Jakarta, Kasus dugaan pemalsuan dokumen sertifikat hak guna bangunan (SHGB) dan sertifikat hak milik (SHM) di wilayah pagar laut Tangerang terus menjadi sorotan. Hingga kini, Direktorat Tindak Pidana Umum (Dittipidum) Bareskrim Polri telah menetapkan empat orang sebagai tersangka, yaitu Arsin selaku Kepala Desa (Kades) Kohod, Ujang Karta selaku Sekretaris Desa (Sekdes) Kohod, serta SP dan CE sebagai penerima kuasa.
Namun, publik mendesak agar penyelidikan tidak berhenti pada perangkat desa. Brigjen Djuhandhani Rahardjo Puro, Dirtipidum Bareskrim Polri, menyatakan bahwa pihaknya masih mengembangkan penyelidikan untuk mengungkap aktor intelektual di balik keempat tersangka. Ia menegaskan bahwa tindakan pemalsuan dokumen tersebut didorong oleh motif ekonomi yang lebih dalam.
Pakar Hukum Pidana Universitas Trisakti, Abdul Fickar Hadjar, menjelaskan bahwa penerbitan SHGB atau SHM seharusnya hanya berlaku untuk tanah atau bumi. Oleh karena itu, penerbitan sertifikat di atas lautan merupakan kesalahan objek atau “error in objecto”. Menurut Abdul, penerbitan sertifikat tersebut batal demi hukum dan sudah tepat jika Menteri Agraria membatalkannya.
Lebih jauh, Abdul menegaskan bahwa proses hukum tidak boleh berhenti pada perangkat desa. Ia menyoroti potensi keterlibatan pihak-pihak dari Badan Pertanahan Nasional (BPN) serta perusahaan yang memiliki sertifikat atas lautan. “Orang-orang BPN yang menerbitkan sertifikat dan pihak perusahaan pemegang SHM-SHGB di atas laut seharusnya turut diproses hukum,” ujarnya.

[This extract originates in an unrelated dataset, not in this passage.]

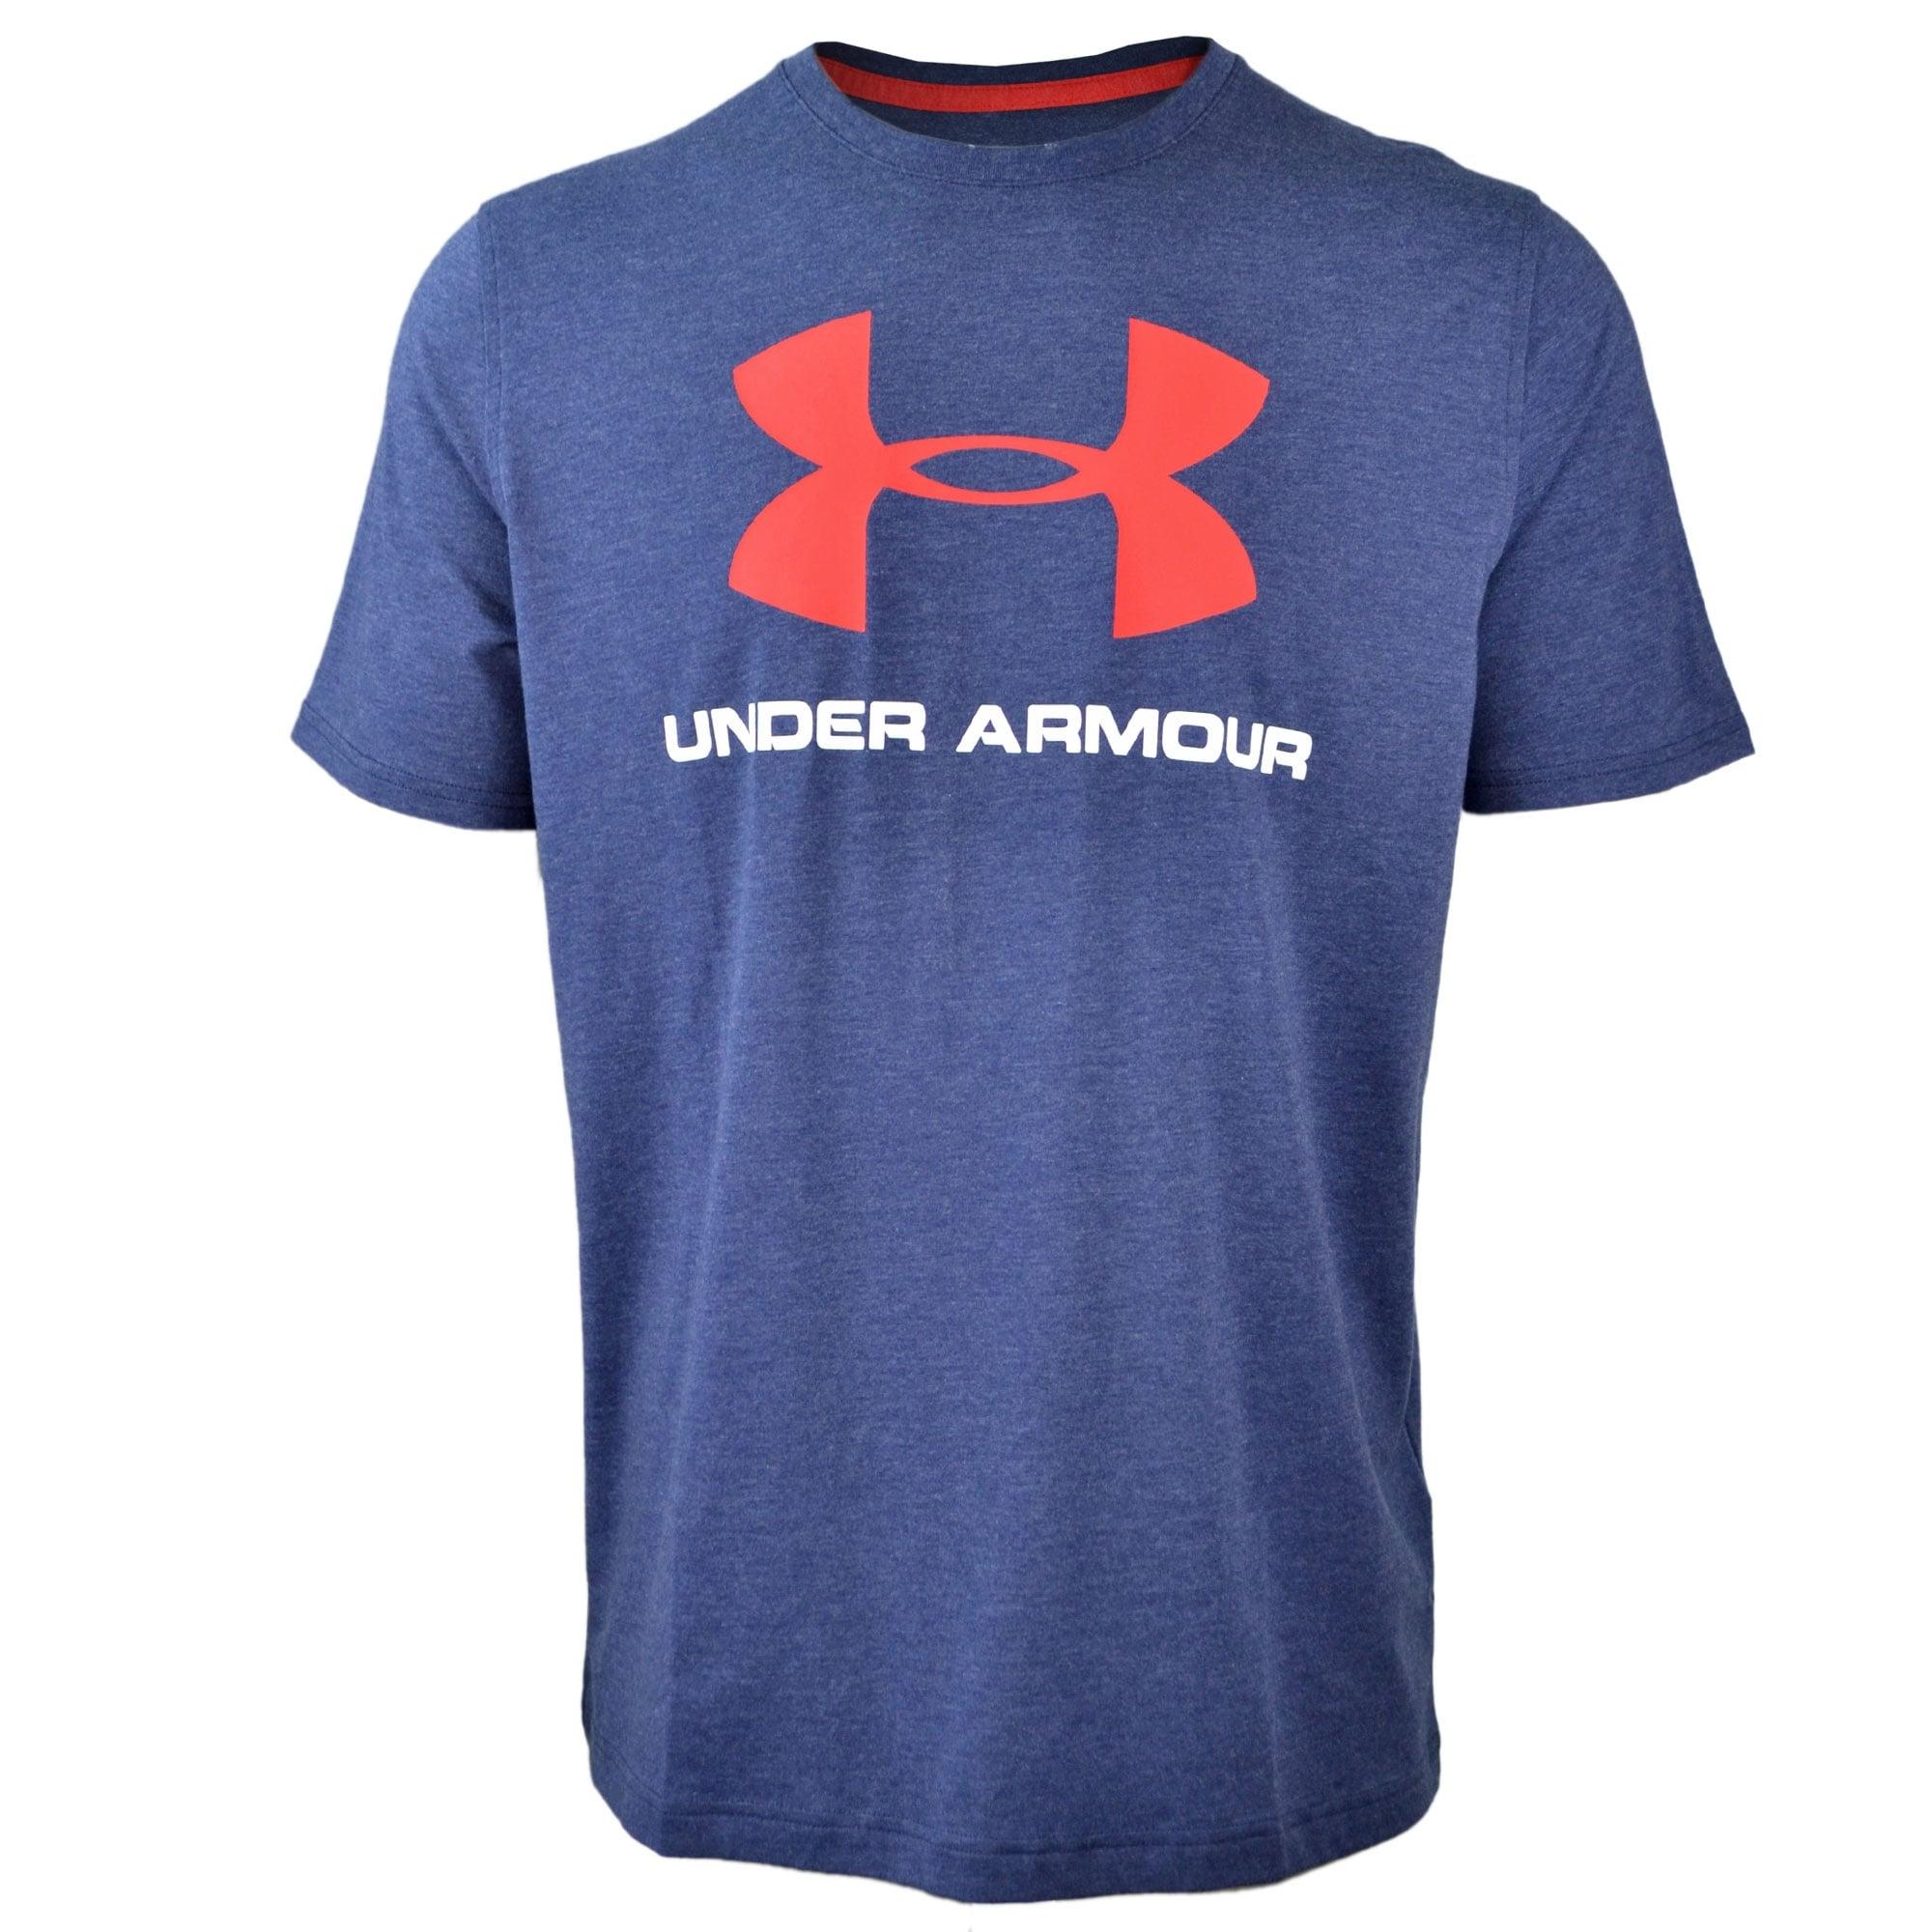 Red and Blue Under Armour Logo - Sportstyle logo t-shirt - Blue

Wakil Kepala Korps Pemberantasan Tindak Pidana Korupsi (Kortas Tipikor) Polri, Brigjen Arief Adiharsa, mengonfirmasi bahwa penyelidikan dugaan korupsi terkait penerbitan sertifikat tersebut telah dimulai. Proses ini dilakukan setelah menerima laporan dari Dittipidum Bareskrim Polri.

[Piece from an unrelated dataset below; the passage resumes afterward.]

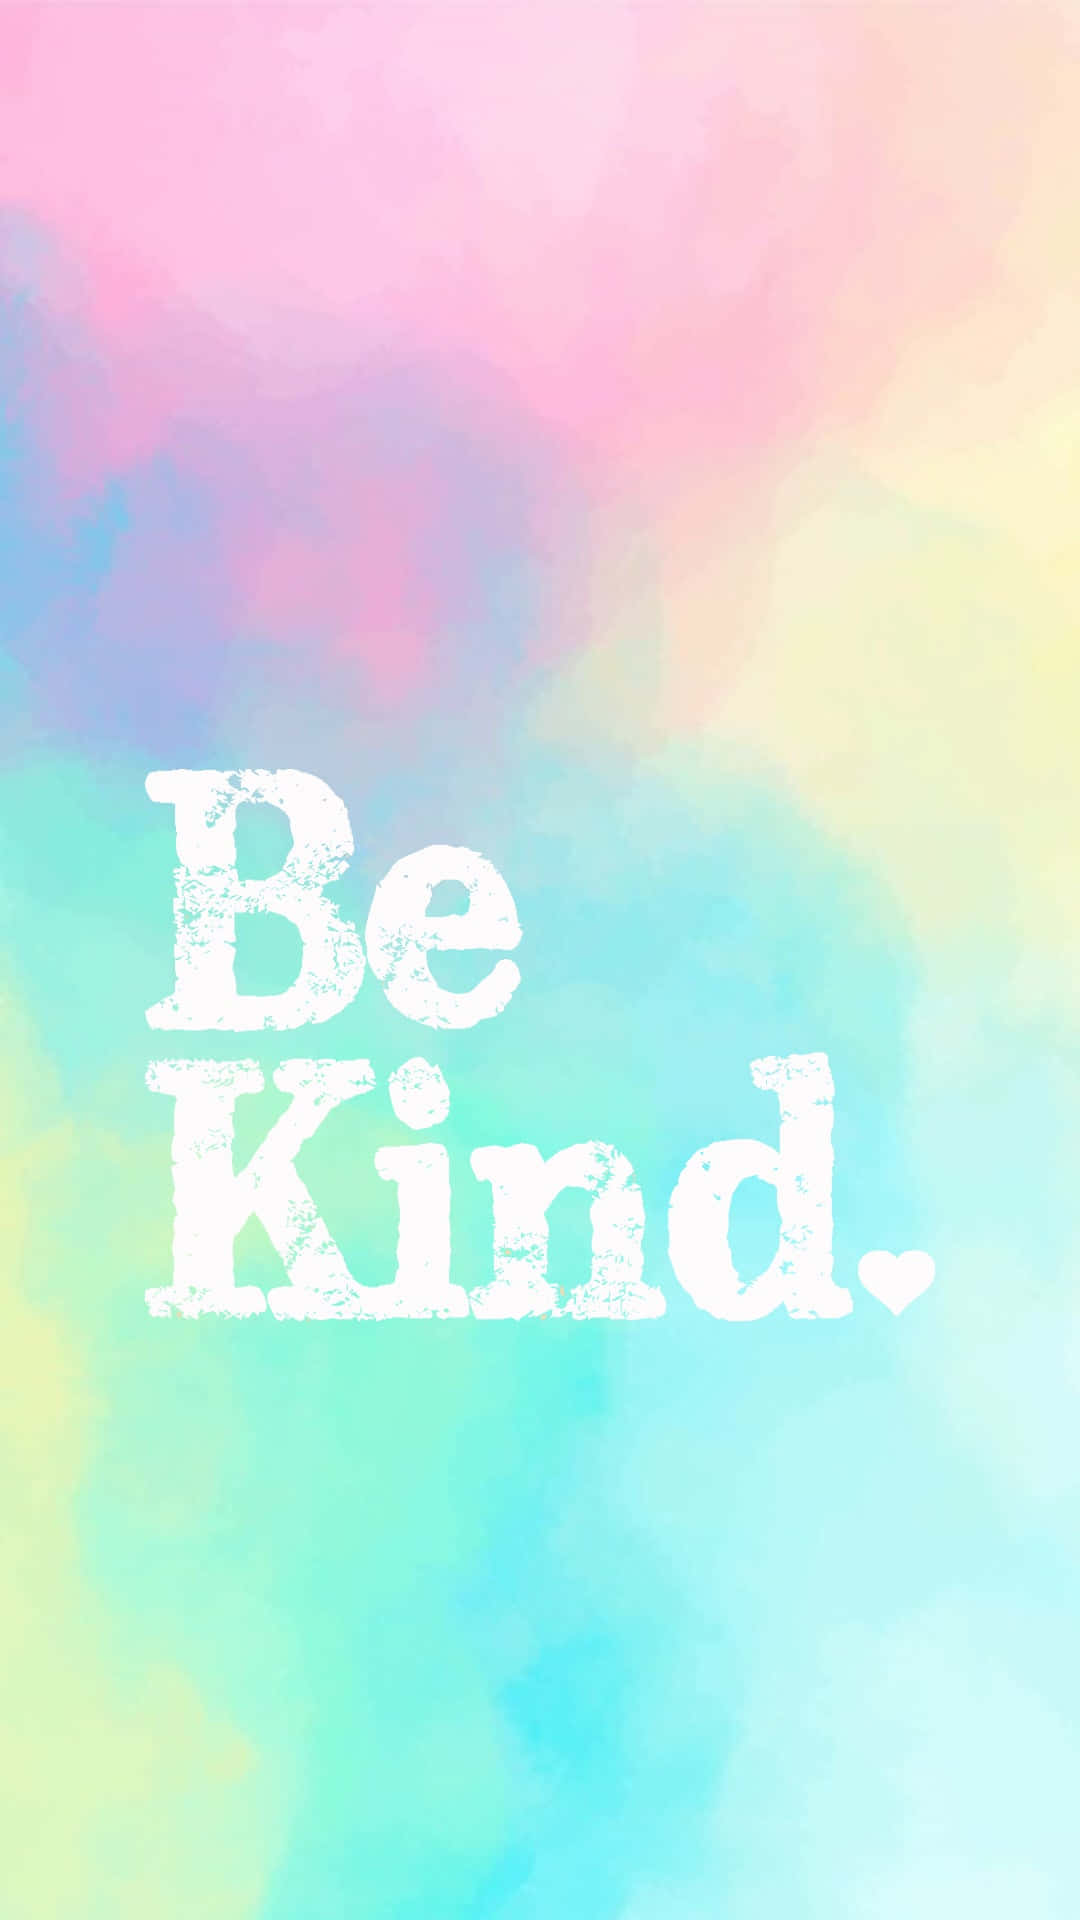 Be Kind - It Could Make Someone's Day Wallpaper

Senada dengan Abdul, pakar hukum pidana Chudry Sitompul juga meminta Polri untuk mengusut tuntas kasus ini. Ia menyoroti pentingnya penelusuran aliran dana untuk mengetahui siapa saja pihak yang terlibat, baik pemesan maupun penerima dana. “Kasus ini tidak hanya melibatkan Kades, tetapi juga kewenangan BPN. Jika lahannya luas, bahkan bisa melibatkan kantor wilayah,” kata Chudry.
Chudry juga menantang Polri untuk membuktikan keseriusan mereka dalam mengungkap kebenaran. “Apakah polisi hanya ingin memuaskan masyarakat atau benar-benar membongkar semua pihak yang terlibat? Kuncinya ada pada penelusuran aliran dana,” tegasnya.
Kasus pagar laut ini menjadi ujian bagi Polri dalam menunjukkan komitmen mereka untuk memberantas praktik ilegal. Dukungan dari berbagai pihak, termasuk Kejaksaan Agung dan Komisi Pemberantasan Korupsi (KPK), juga diharapkan agar penyelidikan ini berjalan transparan dan tuntas.
Dengan adanya kolaborasi antarlembaga dan ketegasan aparat penegak hukum, diharapkan kasus pagar laut ini bisa mengungkap aktor utama serta aliran dana yang selama ini tersembunyi, demi keadilan dan penegakan hukum yang sebenar-benarnya.